Recorded data:
= = = = = = =

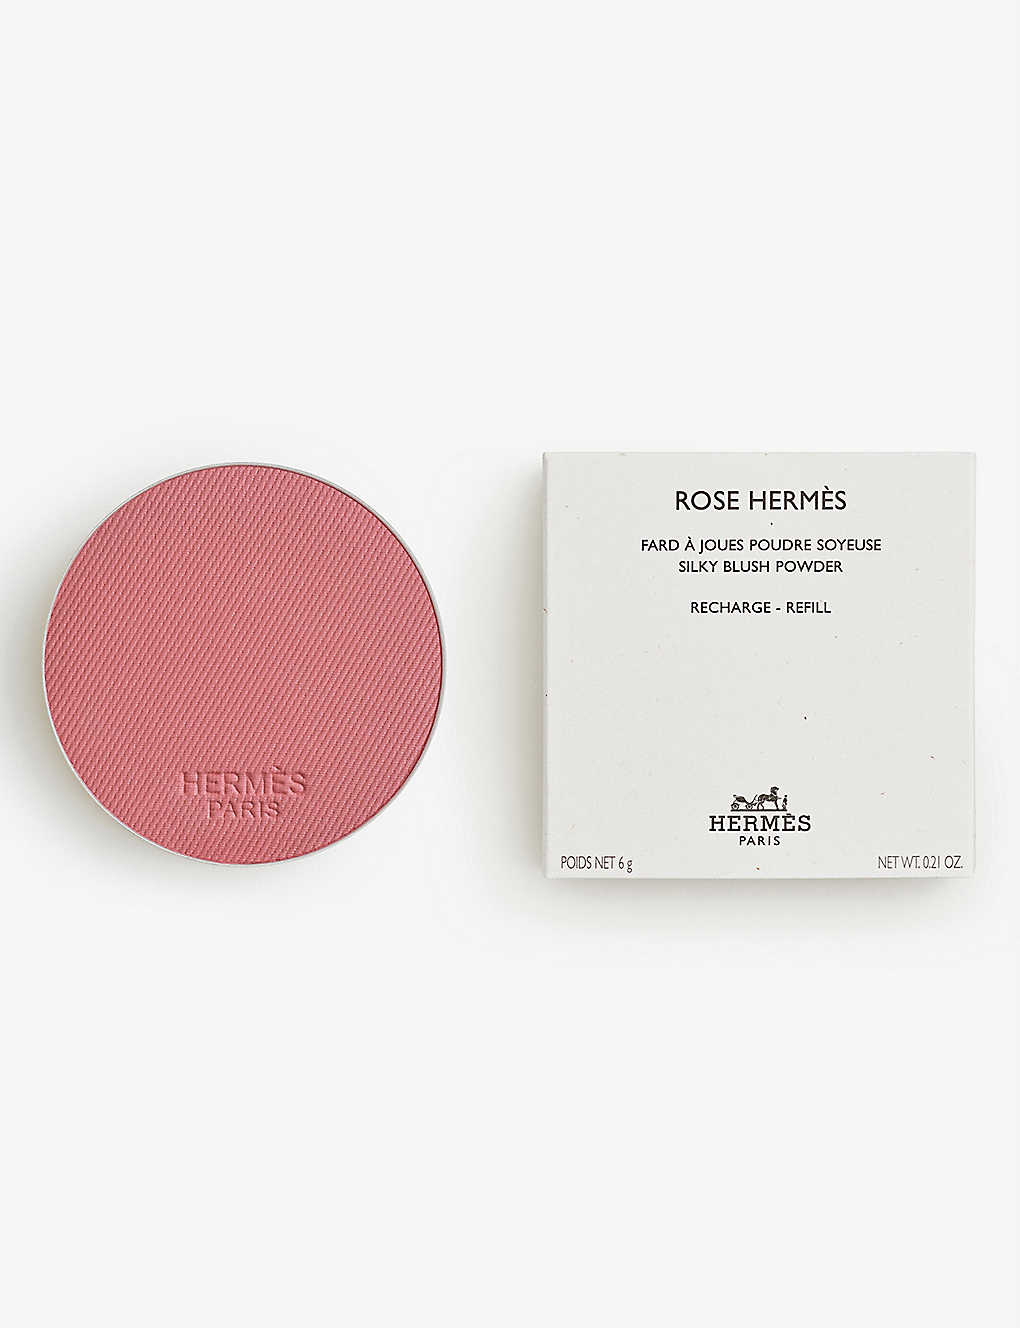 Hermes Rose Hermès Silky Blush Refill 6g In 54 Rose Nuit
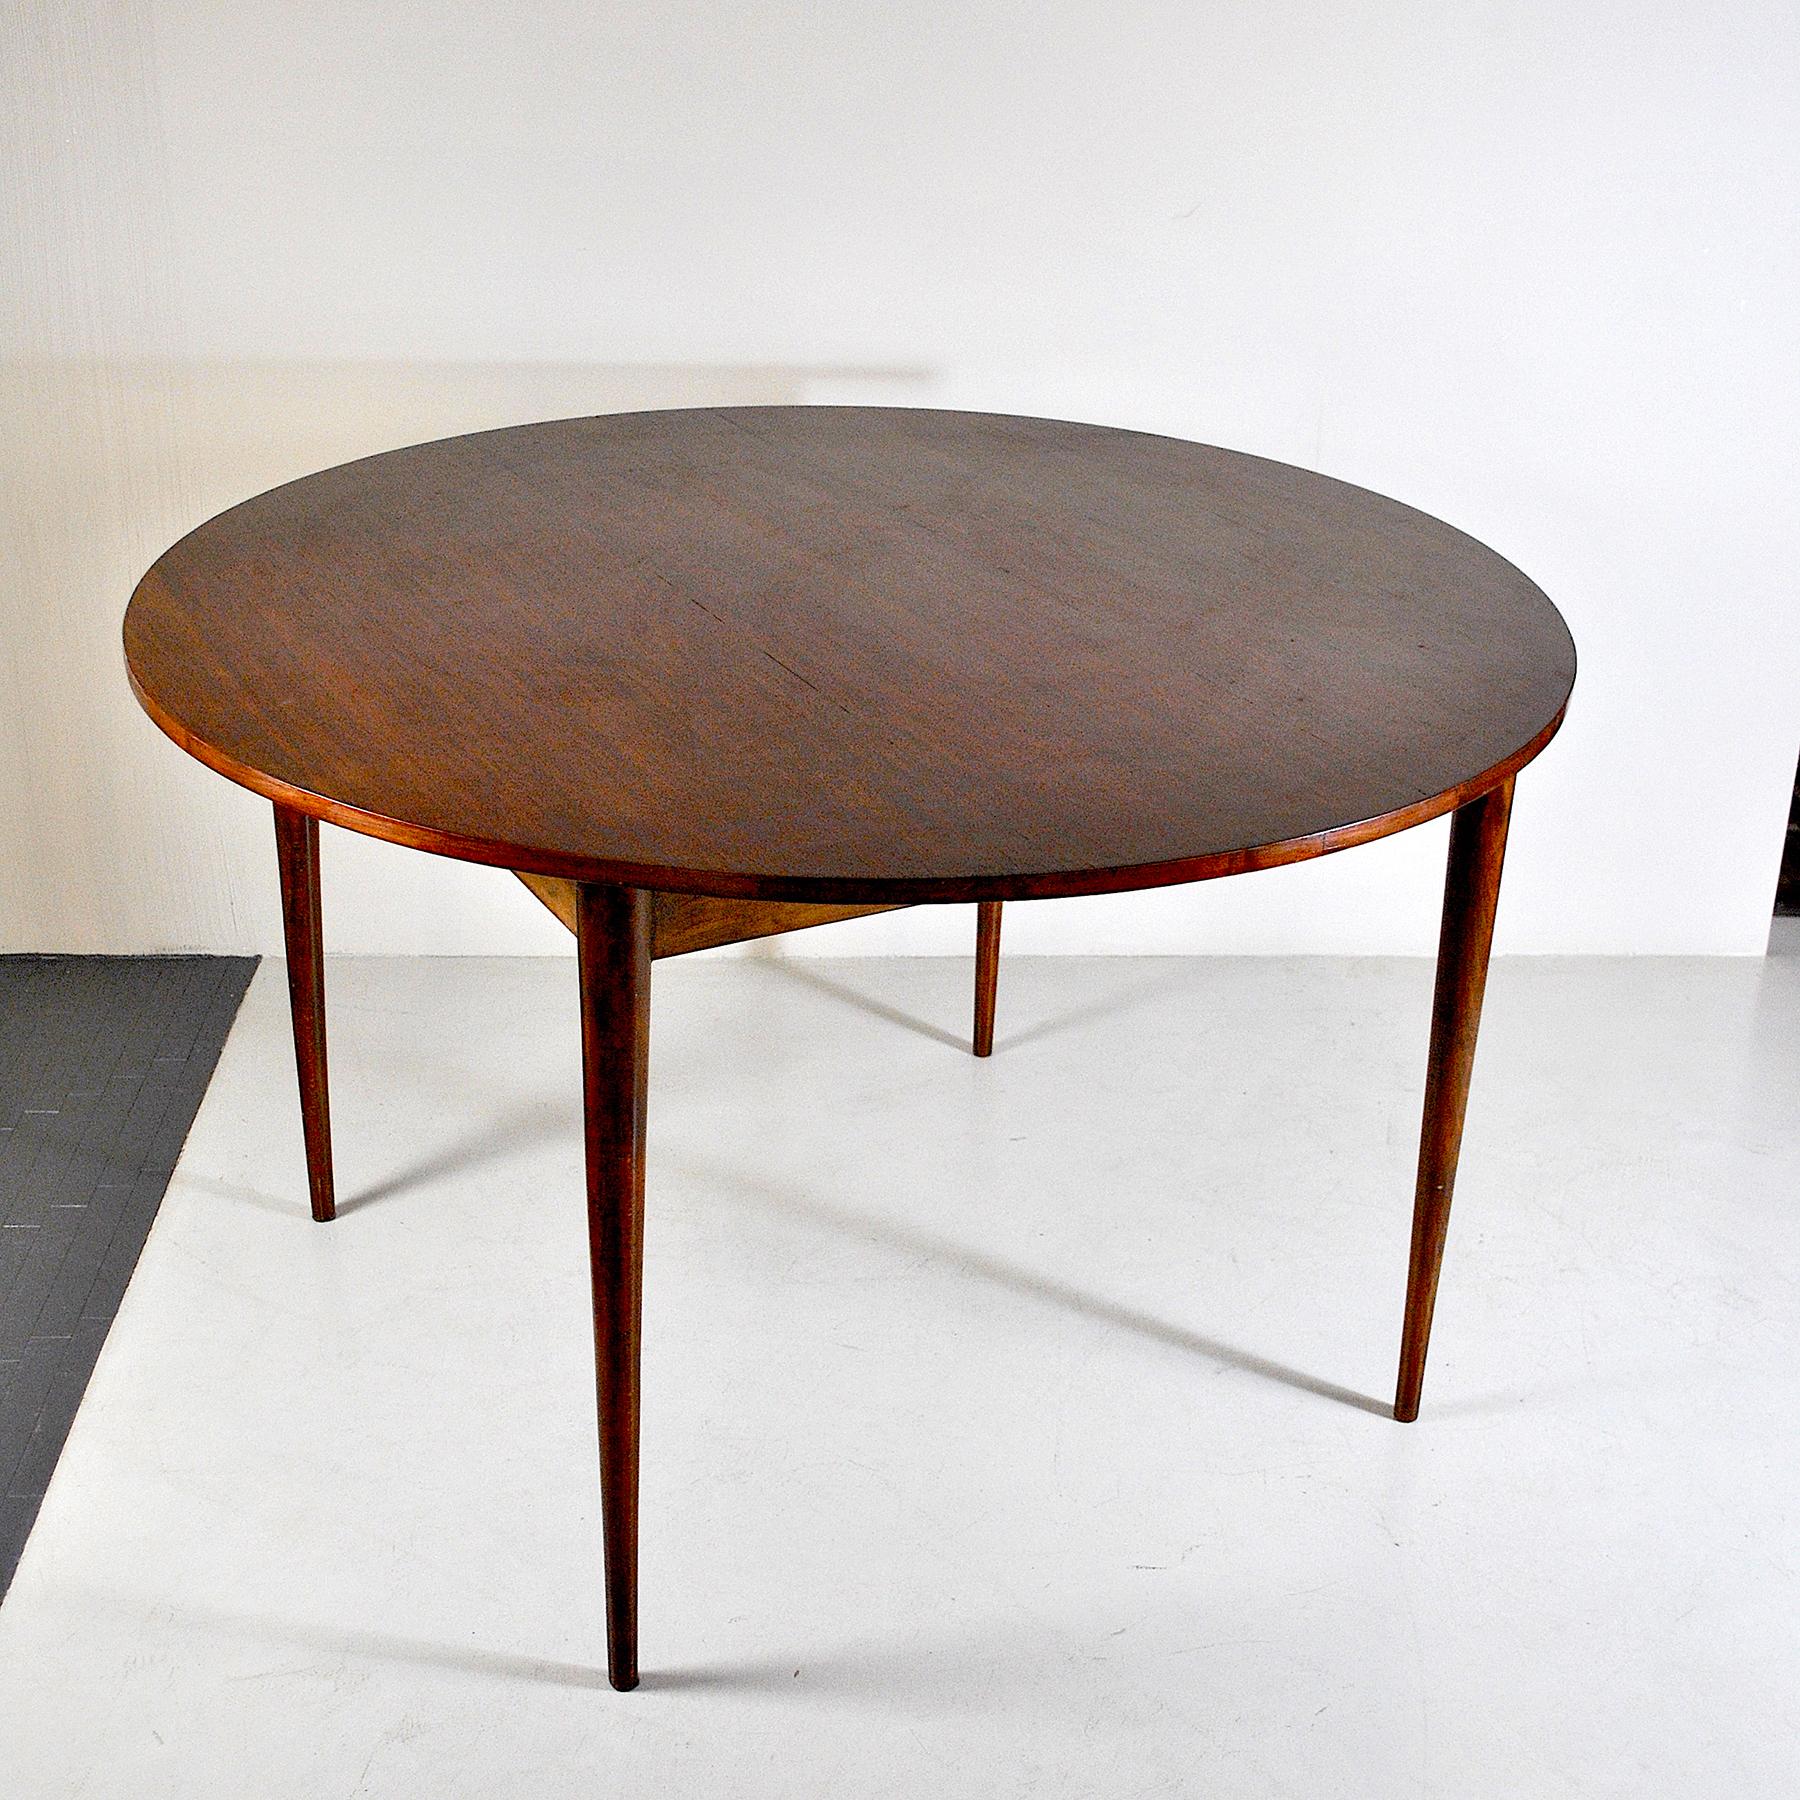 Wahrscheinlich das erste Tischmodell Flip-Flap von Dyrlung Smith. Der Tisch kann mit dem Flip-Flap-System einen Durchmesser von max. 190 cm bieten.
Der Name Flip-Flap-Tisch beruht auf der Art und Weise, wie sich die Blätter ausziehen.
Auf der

= = = = = = =

Exercise aim: What's needed is a word-for-word retyping of the listing, minus its pictures.

Answer for this exercise:
 Hermes Rose Hermès Silky Blush Refill 6g In 54 Rose Nuit
 Wahrscheinlich das erste Tischmodell Flip-Flap von Dyrlung Smith. Der Tisch kann mit dem Flip-Flap-System einen Durchmesser von max. 190 cm bieten.
Der Name Flip-Flap-Tisch beruht auf der Art und Weise, wie sich die Blätter ausziehen.
Auf der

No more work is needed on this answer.